Long story short, a little time spent with Sprint’s financials indicate that the company is going to lose money in the short term while also writing down its investment in Clearwire and having to spend money to build and convert its network to LTE. It is also spending money in adding the iPhone, although it’s not clear how much exactly. This is not the cash position of a company that makes a big-time play for spectrum through buying either T-Mobile or even Clearwire. In fact, on Monday S&P threatened to downgrade the mobile operator’s bond ratings and placed it on its credit watch list, citing some of the issues above.
But wait, what about the iPhone?
Sprint committed to buying $20 billion’s worth of iPhones over the next four years, according to the Wall Street Journal. The carrier clearly needed to boost its credibility with mainstream consumers who may be interested in Android offerings that Sprint has rolled out but would rather have the comfort of an iPhone. Sprint’s biggest problem, in fact, isn’t its network modernization. It’s competing with Verizon and AT&T. The nation’s two largest operators have gained share at the expense of T-Mobile and Sprint, and the iPhone is the latter’s attempt to counter that.
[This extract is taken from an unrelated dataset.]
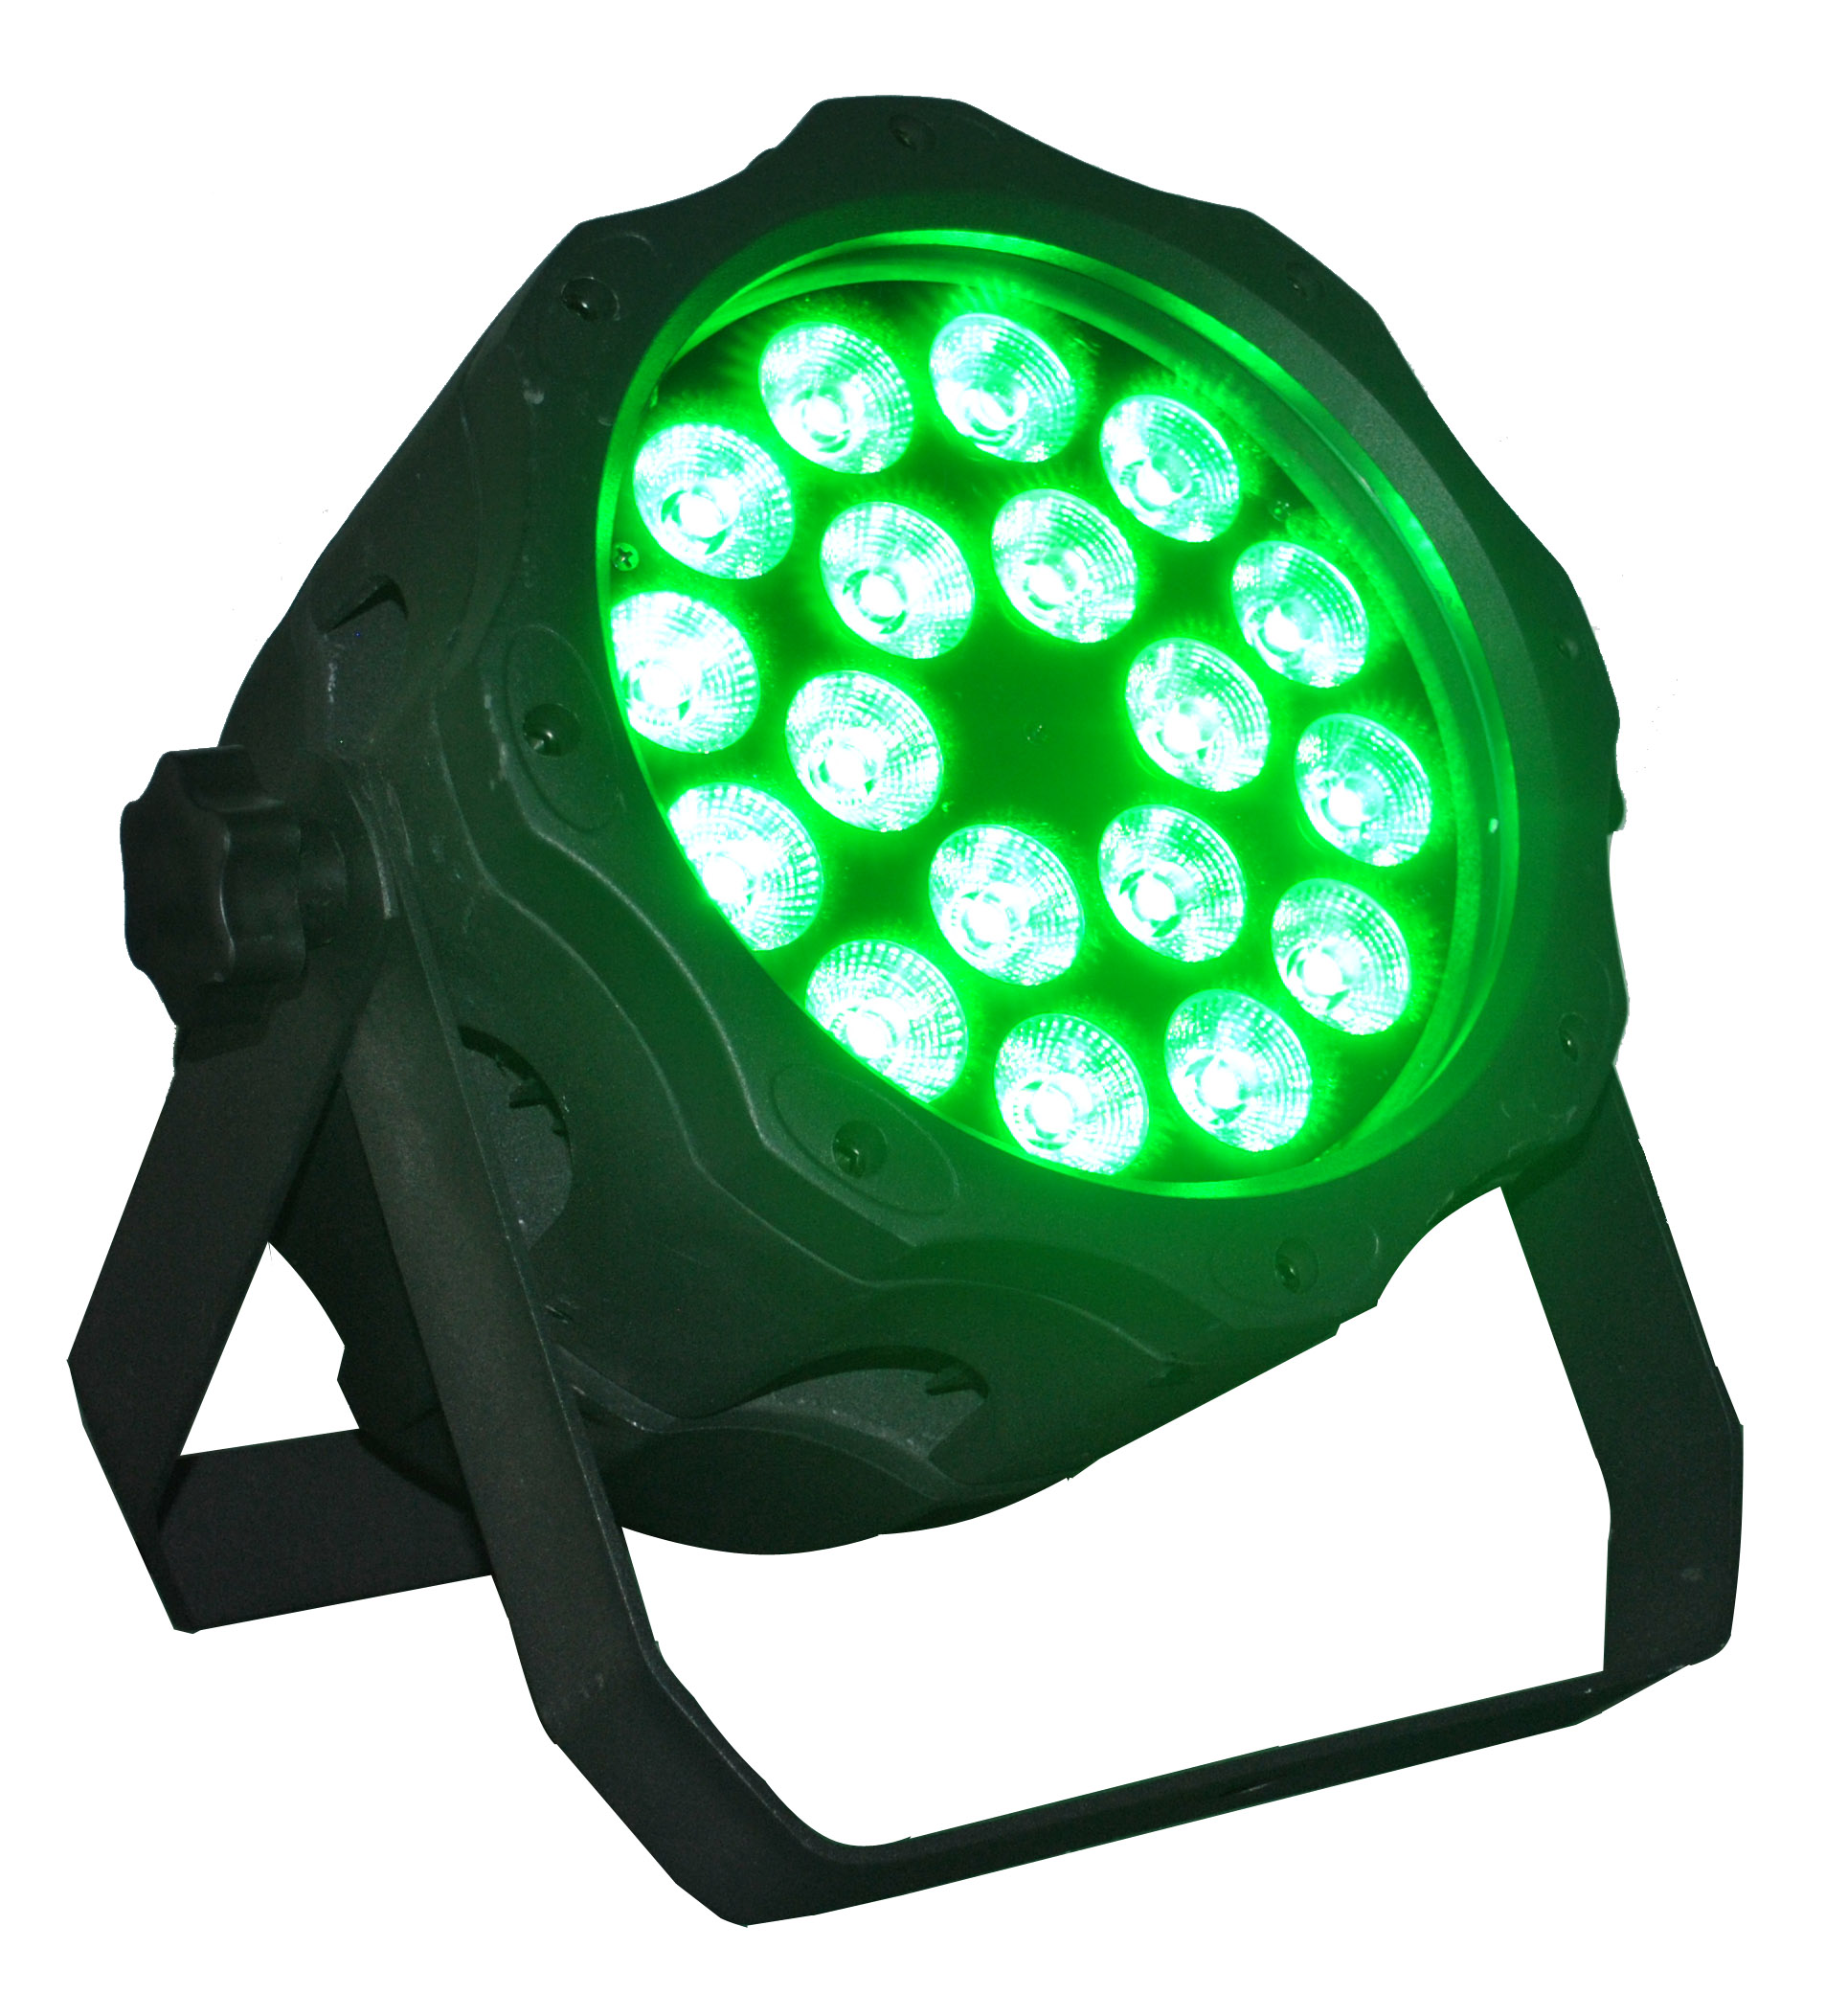 Outdoor 18X18W 6in1 Led Par Can Light HS-P64-1818Out - Led stage light - 7
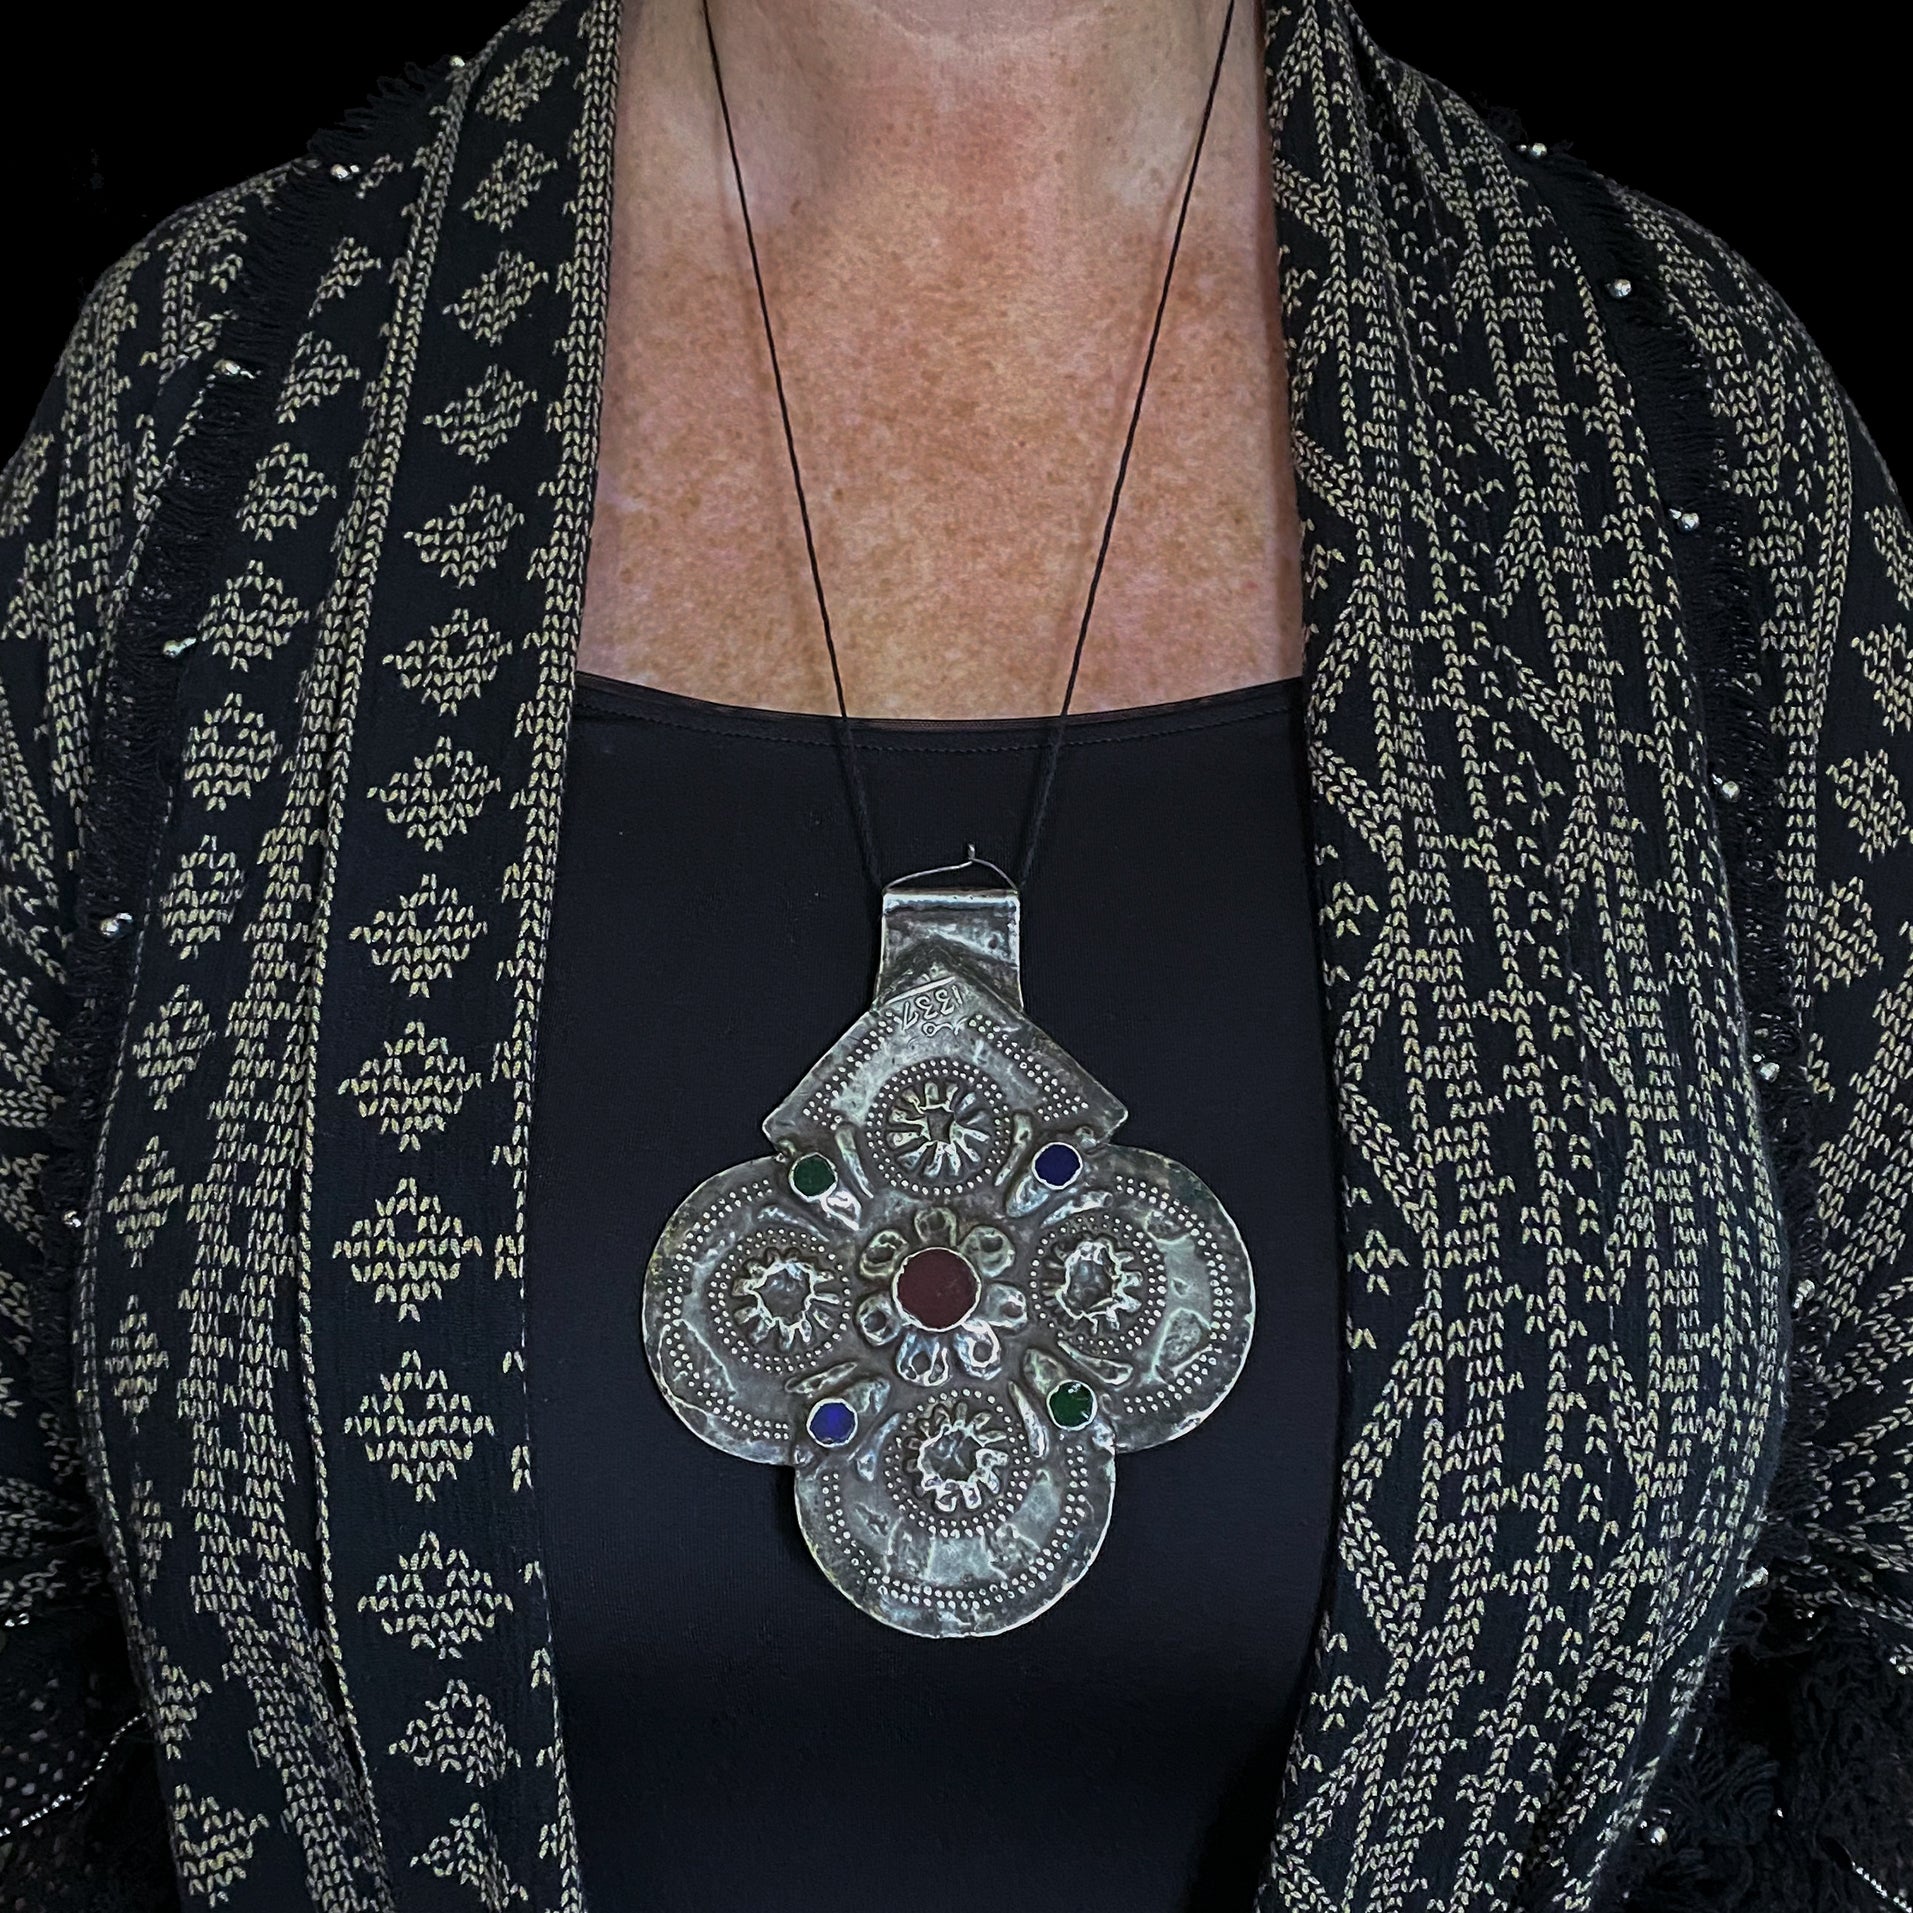 Large Antique Silver ‘Foulet’ Hamsa from Marrakech, Morocco

The iPhone 4S has flown off the shelves, with both Verizon’s and AT&T’s reporting that they are sold out of their initial shipments of the device. However, Sprint still seems to have some in stock, according to the site. A BTIG research report wonders if this is because the iPhone will be hobbled on the Sprint 3G network when compared to AT&T’s faster HSPA+ speeds, or if it’s because people just aren’t interested in buying an iPhone from Sprint because data prices are too high. If either is the case, Sprint may have badly miscalculated betting a lot of money on a handset that won’t help it out in the the short term.
If the move does pan out, it will require network resources that will suck up both spectrum and up to $10 billion in capital spending over the next two years. If that works, Sprint then has to figure out its long-term strategy and how it plans to pay for that. At this point, the company is doing everything it can to chew its way out of its trap. It’s hard, though, to see Sprint winning this race.